━━━ GIVEN MATERIAL ━━━

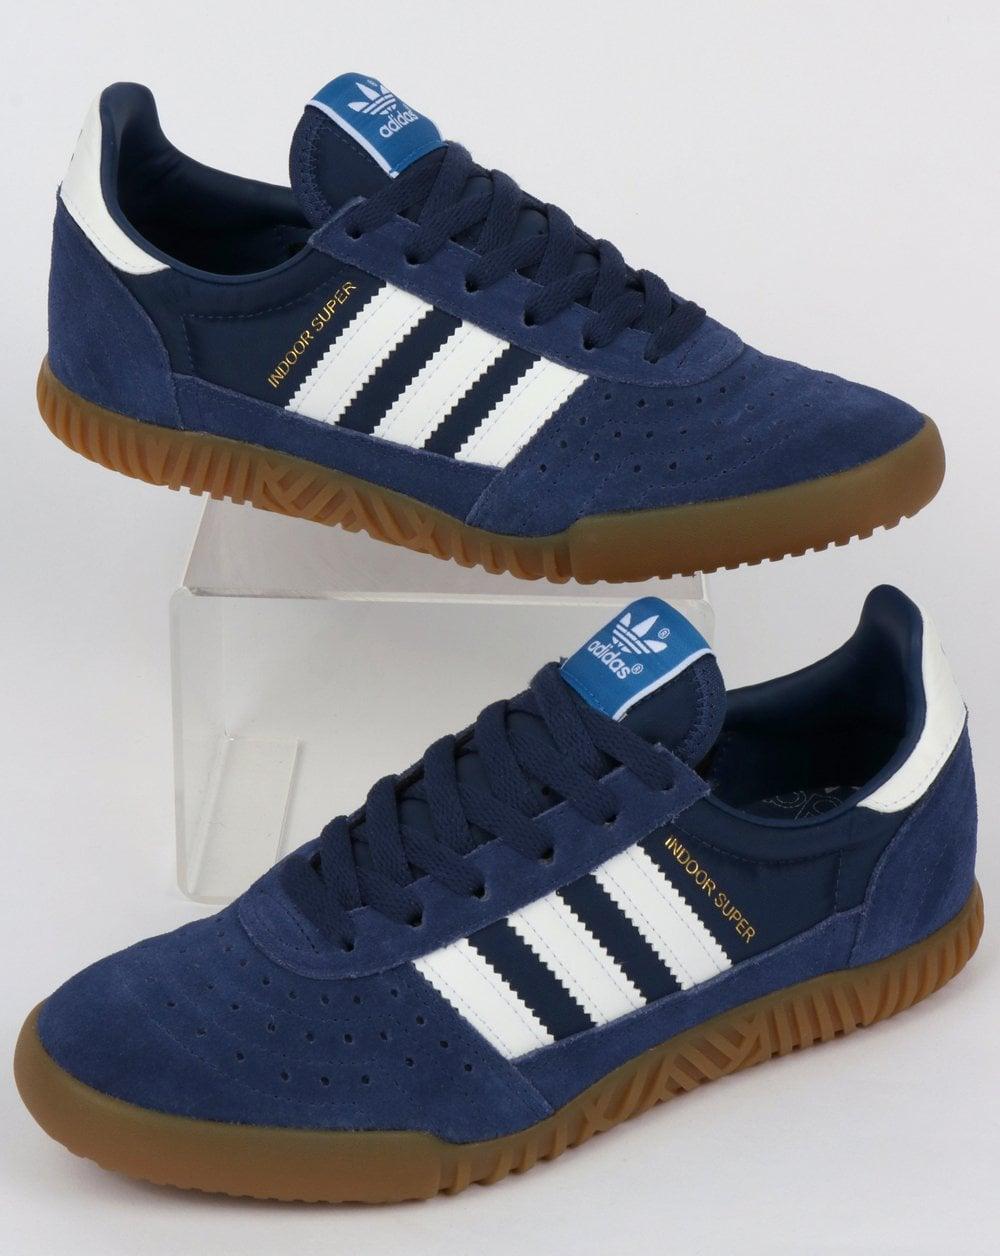 744f4e214aaa Adidas Indoor Super Trainer Indigo Blue/White gum | 80s casual classics
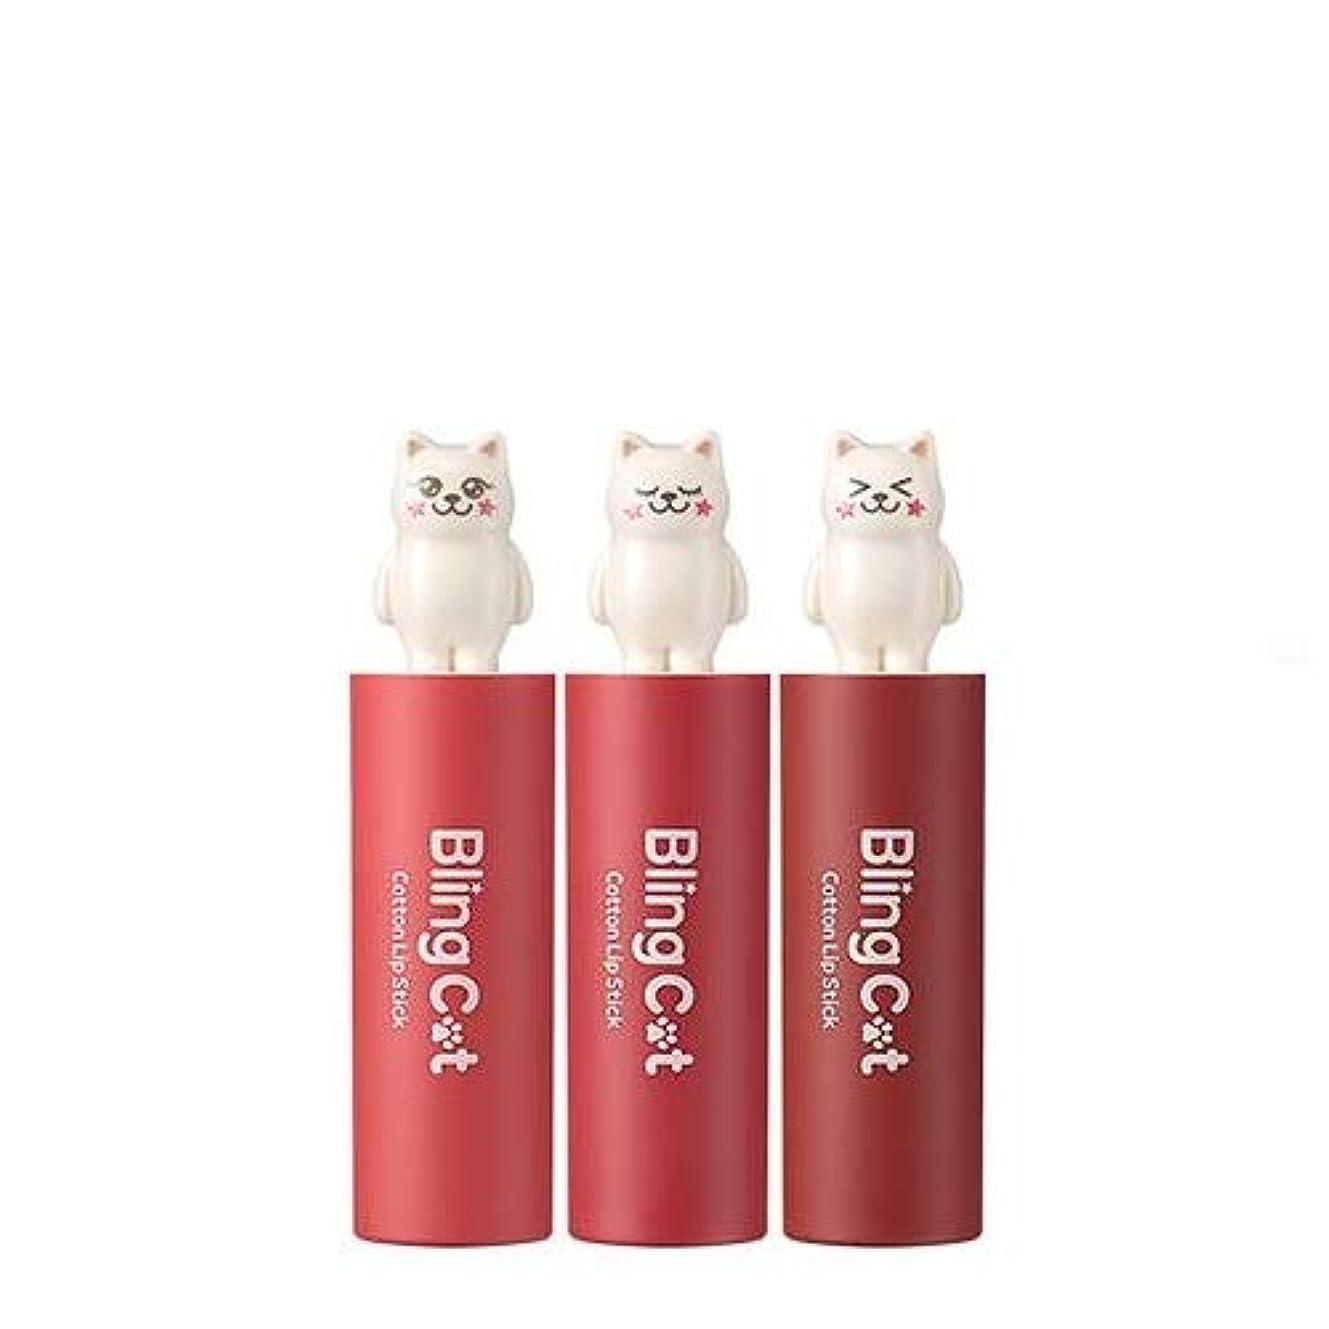 ジュース寝室を掃除する注釈トニーモリー ブリングキャット コットン リップスティック 3.4g / TONYMOLY Bling Cat Cotton Lipstick # 03. Stay Darling [並行輸入品]
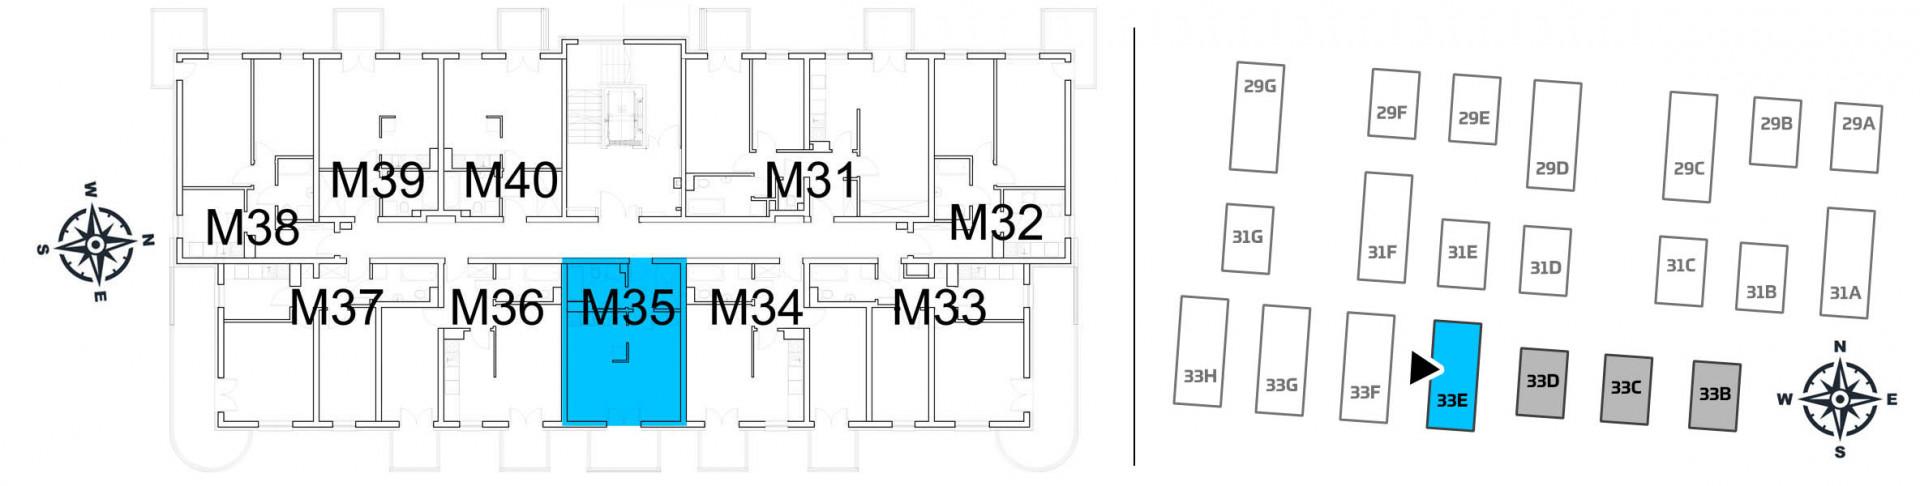 Mieszkanie jednopokojowe 33E/35 rzut 2

━━━

## WHAT IS REQUIRED
With the pictures omitted, reproduce the data above exactly.

## REPLY
 744f4e214aaa Adidas Indoor Super Trainer Indigo Blue/White gum | 80s casual classics
 ジュース寝室を掃除する注釈トニーモリー ブリングキャット コットン リップスティック 3.4g / TONYMOLY Bling Cat Cotton Lipstick # 03. Stay Darling [並行輸入品]
 Mieszkanie jednopokojowe 33E/35 rzut 2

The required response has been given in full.